→ **Exercise requirements**: A word-for-word copy of the following listing is needed. Leave out its images.

→ **Dataset excerpt**:
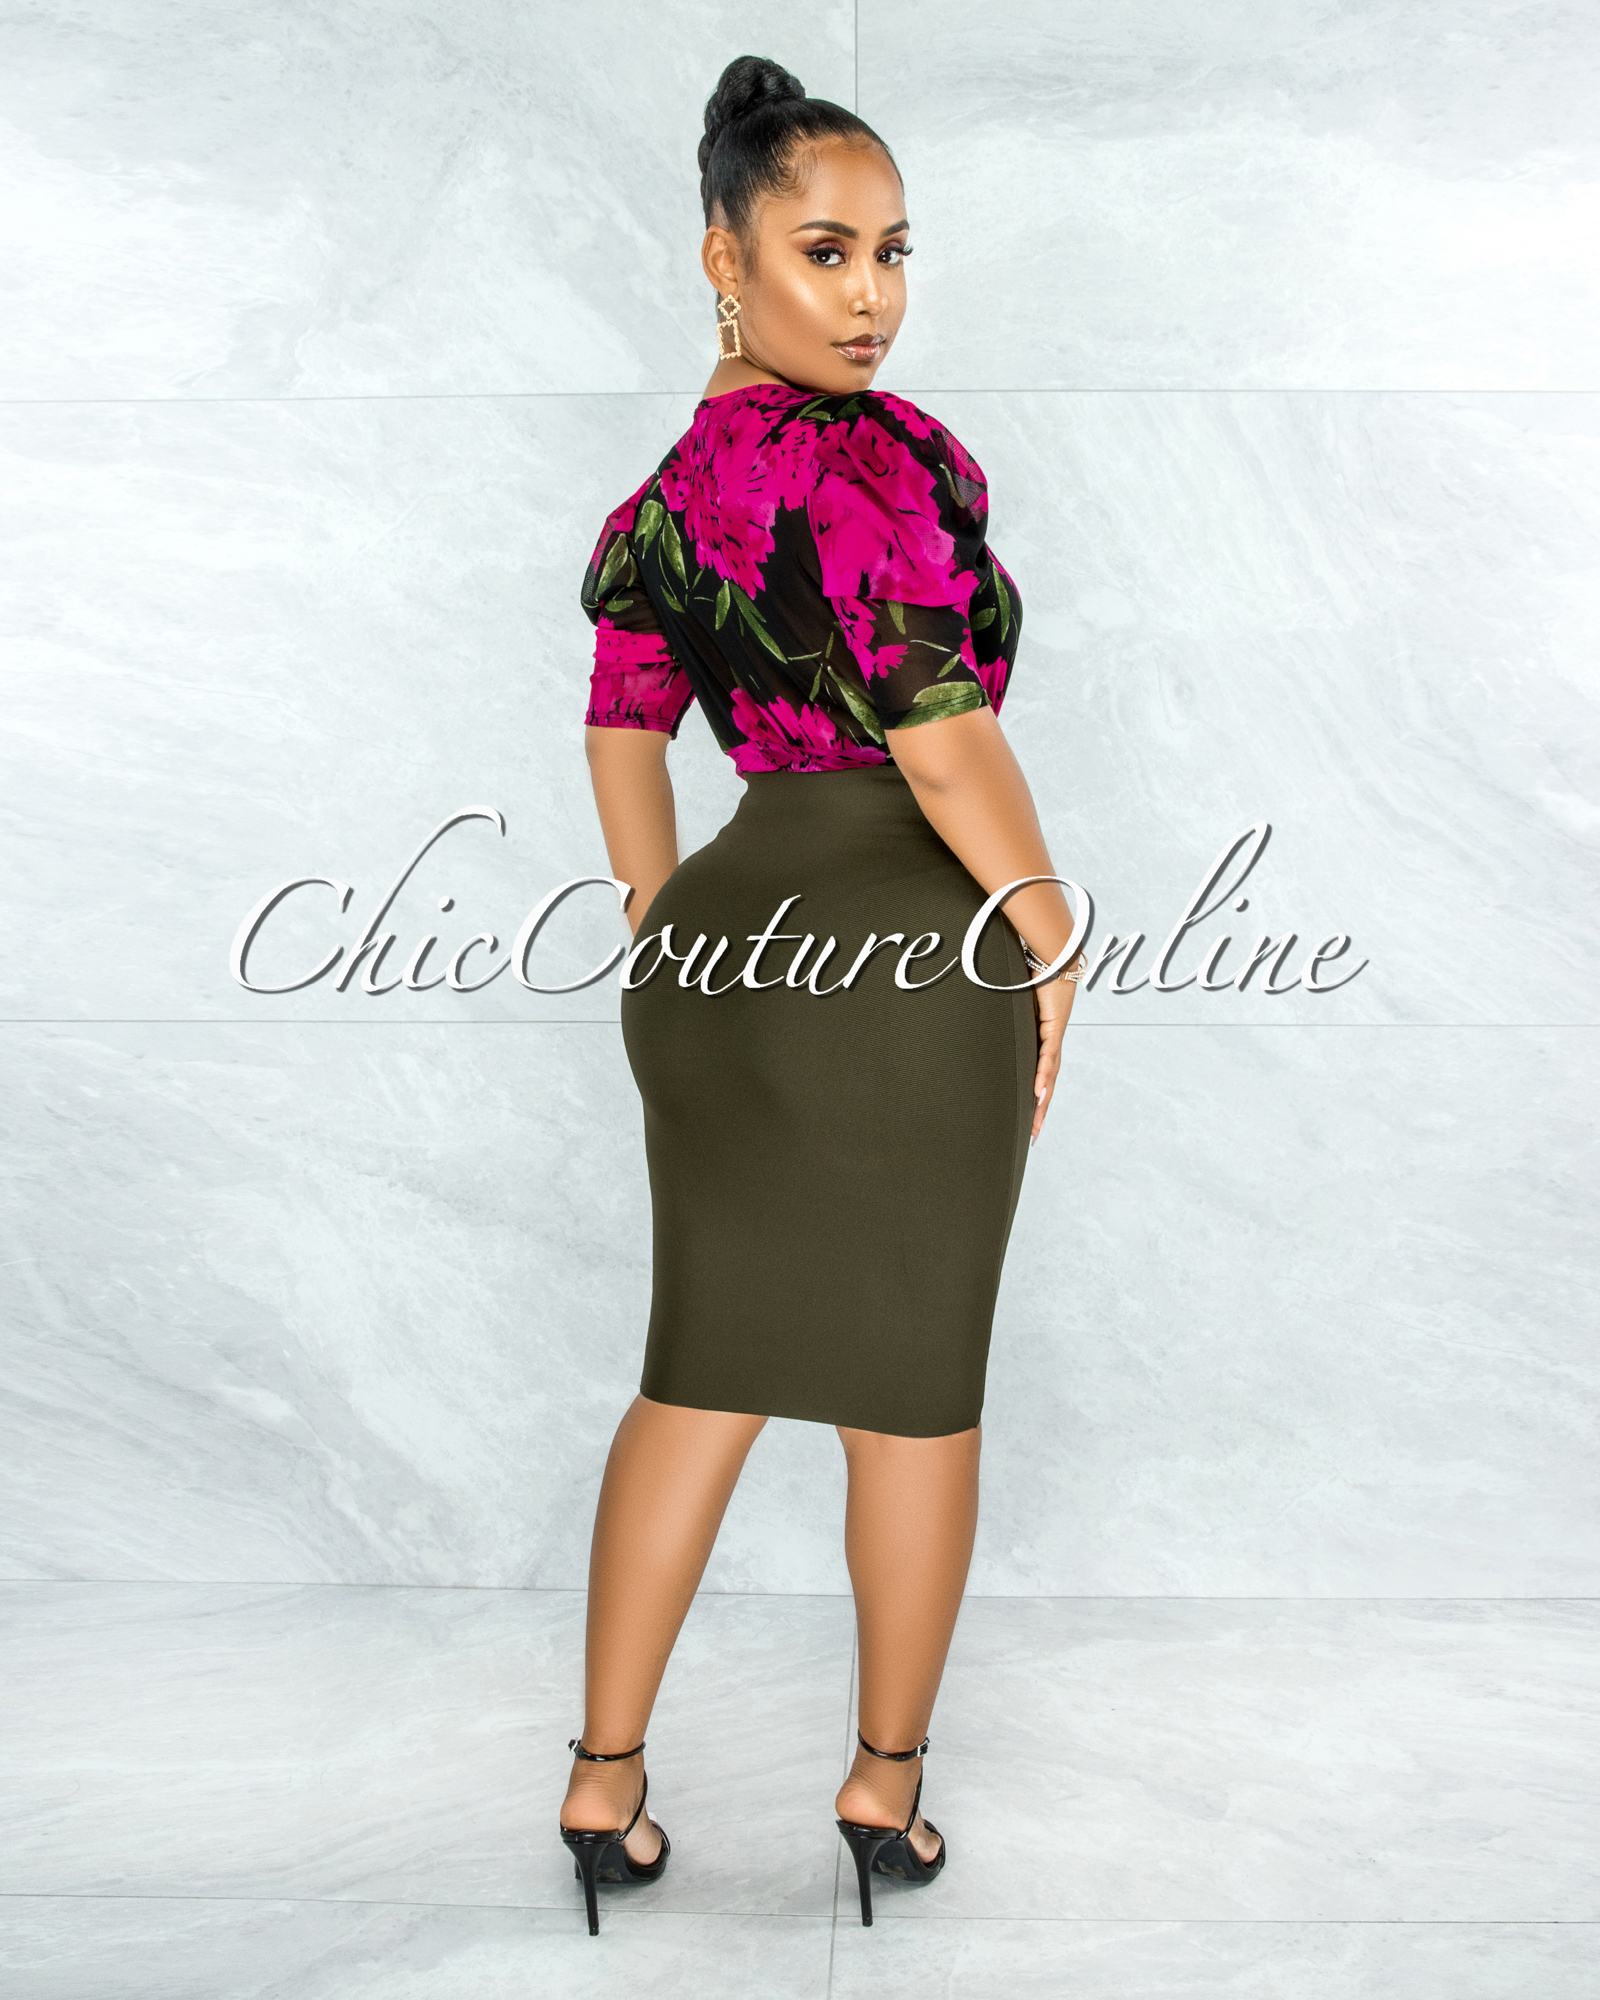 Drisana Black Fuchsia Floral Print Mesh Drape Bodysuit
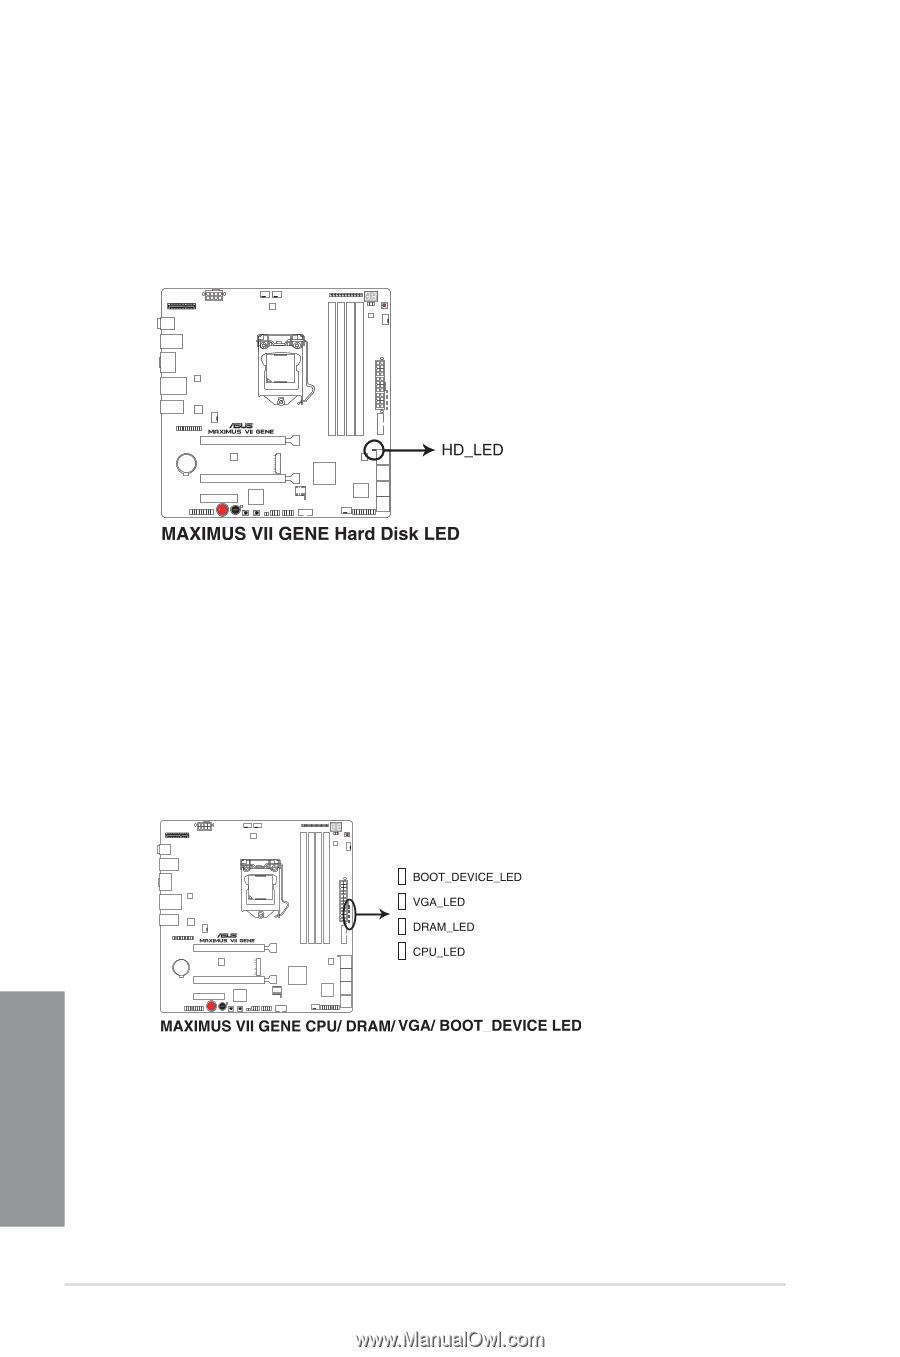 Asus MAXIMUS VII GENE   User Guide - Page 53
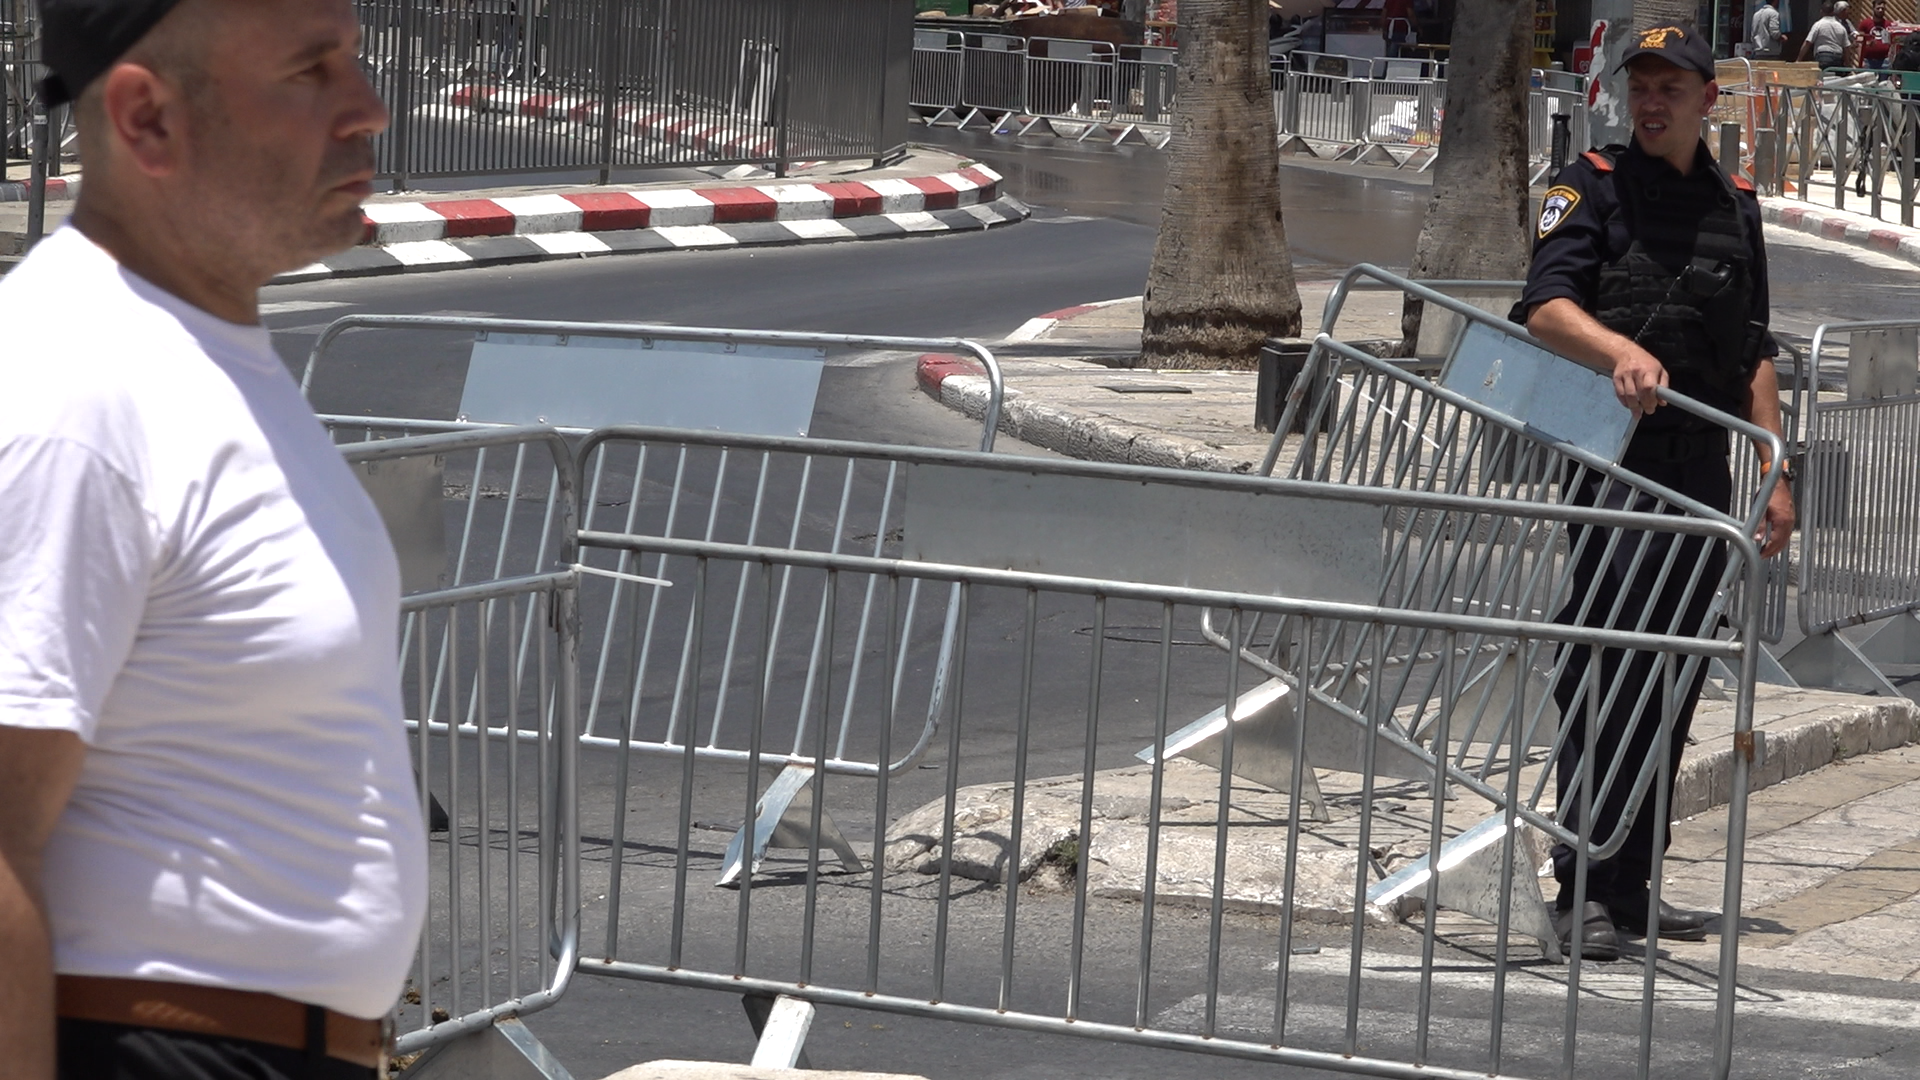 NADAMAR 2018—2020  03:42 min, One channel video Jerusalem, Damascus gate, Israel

→ **Response to this task**:
 Drisana Black Fuchsia Floral Print Mesh Drape Bodysuit
 Asus MAXIMUS VII GENE   User Guide - Page 53
 NADAMAR 2018—2020  03:42 min, One channel video Jerusalem, Damascus gate, Israel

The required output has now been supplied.